Входит мужчина, сопровождающий жену или подругу. И все во мне возмущается против его присутствия, протестует, как если бы он вошел в помещение, где все женщины были обнаженными. Он воспринимается как нечто инородное. И мне кажется, я улавливаю множественный вздох, когда он удаляется. Хорошо, что никому еще не взбрело на ум разрешить мужчинам (мужьям) присутствовать при абортах, как это разрешено при родах. Я бы не желала, чтоб хоть один мужчина видел меня здесь – даже сейчас, во время ожидания.
– Скорей бы уж, – едва заметно шевелит губами женщина средних лет с неестественно белым лицом. – Только нервы мотают, не могу…
И опять безмолвная сосредоточенность на себе, на своей участи. Рядом со мной стоит молодая красивая дамочка, черноволосая, как и я. На миг даже подумалось: не мое ли это отражение в зеркале? Ее голова запрокинута, рот полуоткрыт, а глаза наполнены слезами. Кажется, она не видит ничего вокруг, не воспринимает, но внезапно спохватившись, закрывает рот и опускает глаза. Мне невольно видится она же в объятиях мужчины, сияющая, благодарно гладящая его спину, счастливая…
Наверное, не столько пугает ожидаемая боль, сколько то, что кто-то будет грубо, хладнокровно терзать самую твою драгоценную сердцевину, камертон любви, средоточие всего нежнейшего, чувствительнейшего, доступного только избранным… Меня тянет закричать, разбить что-нибудь, броситься бежать, всех расталкивая, все расшвыривая на пути…
В палате, облаченная в казенный халат, я сижу на не застланной кровати, точно бесчувственная кукла, плотно сжав коленки. Соседка говорит мне что-то ободряющее. Я пытаюсь улыбнуться в ответ, но губы не слушаются, предательски прыгают. Где мое могущество, где моя всесильная улыбка, где мужчины, готовые на все ради нее? И от невыносимого отчаяния возникает панический зуд между ног.
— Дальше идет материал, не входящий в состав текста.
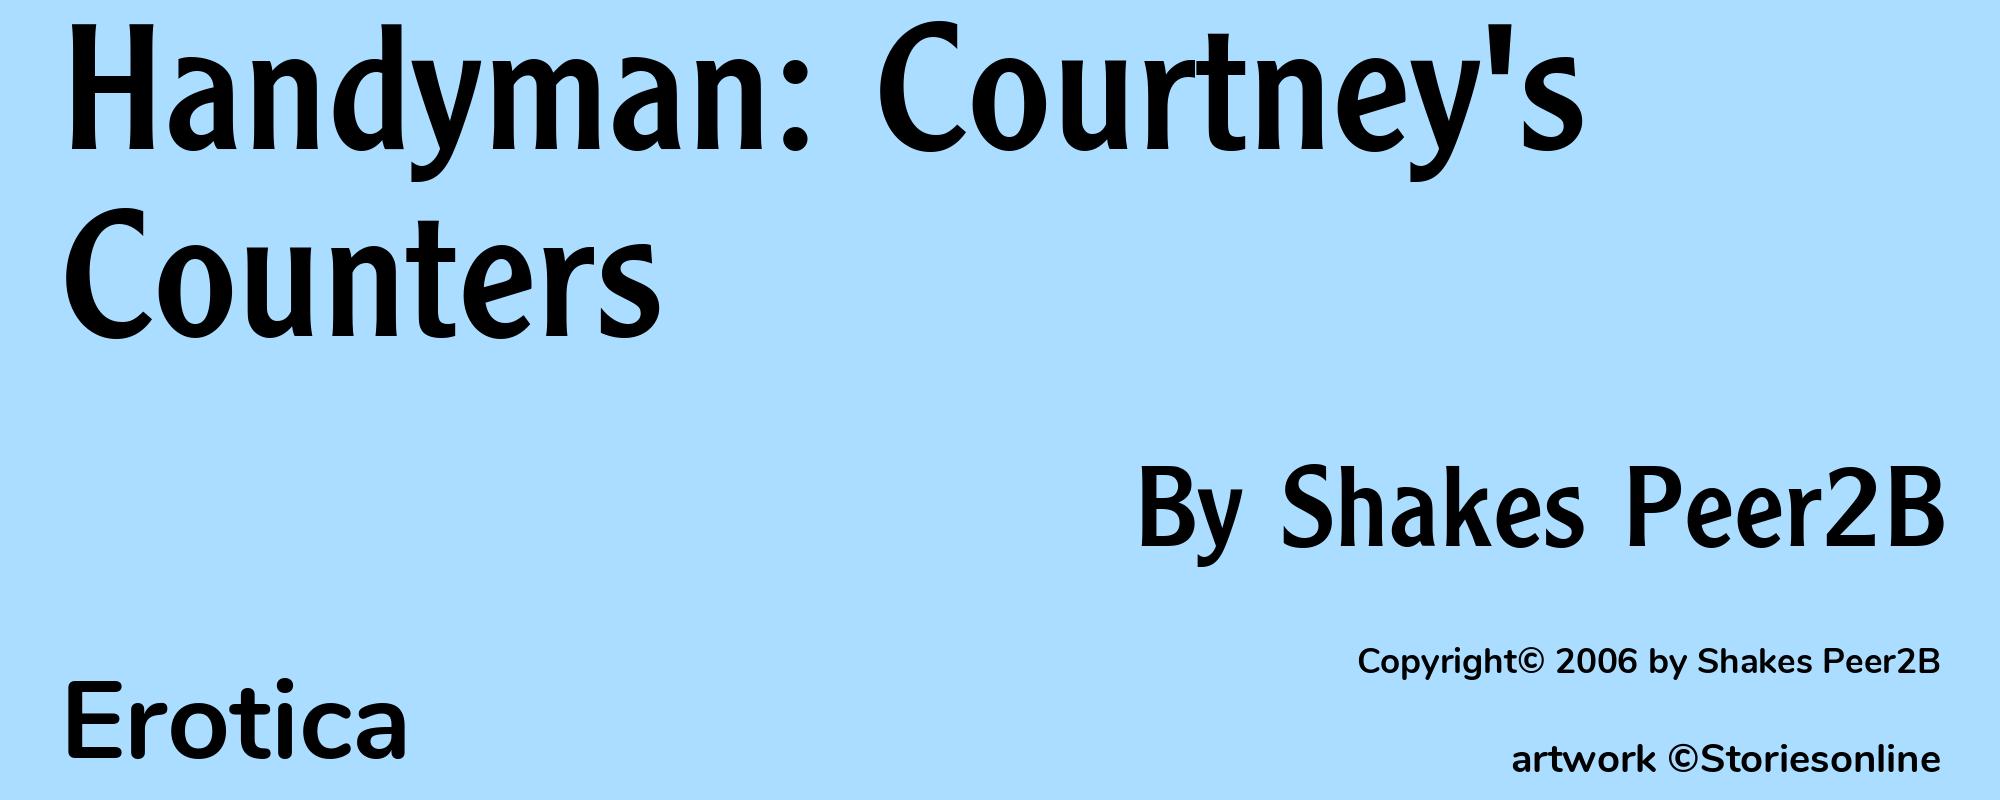 Handyman: Courtney's Counters - Cover

«Нет, не дождетесь!» – я решительно вскакиваю на ноги. Не дождетесь от меня ни слезинки!
Все. Трусы – под подушку, и, как по пляжу, – к той страшной двери.
– Следующая, входите!
Я вхожу в одной ночной рубашке.
– А почему босая? Где ваши тапочки?
Я не знаю, почему я босая. Я шла по пляжу, по прибою, невесомая без одежд, легкая без мыслей, и я не знаю, почему я здесь, откуда это несуразное, нечеловеческое кресло, эти инструменты на стеклянном столике (маленькие ложечки с длинной рукояткой, зеркальце на стерженьке…), окровавленные куски ваты и сгустки крови в тазу, удушающий запах медикаментов…
– Надевайте, но не завязывайте, – протягивает молодая голубоглазая сестра отглаженные чулки. – И подождите немного.
– В них бы да на танцы, – вымученно шучу я.
Появляется мужчина в колпаке, в клеенчатом переднике морковного цвета с не замытыми бурыми пятнами. Измятое лицо, крошки хлеба на губе. Он дожевывает бутерброд с колбасой. Я отворачиваюсь. Во мне растет презрение, смешанное со страхом и ненавистью.[7]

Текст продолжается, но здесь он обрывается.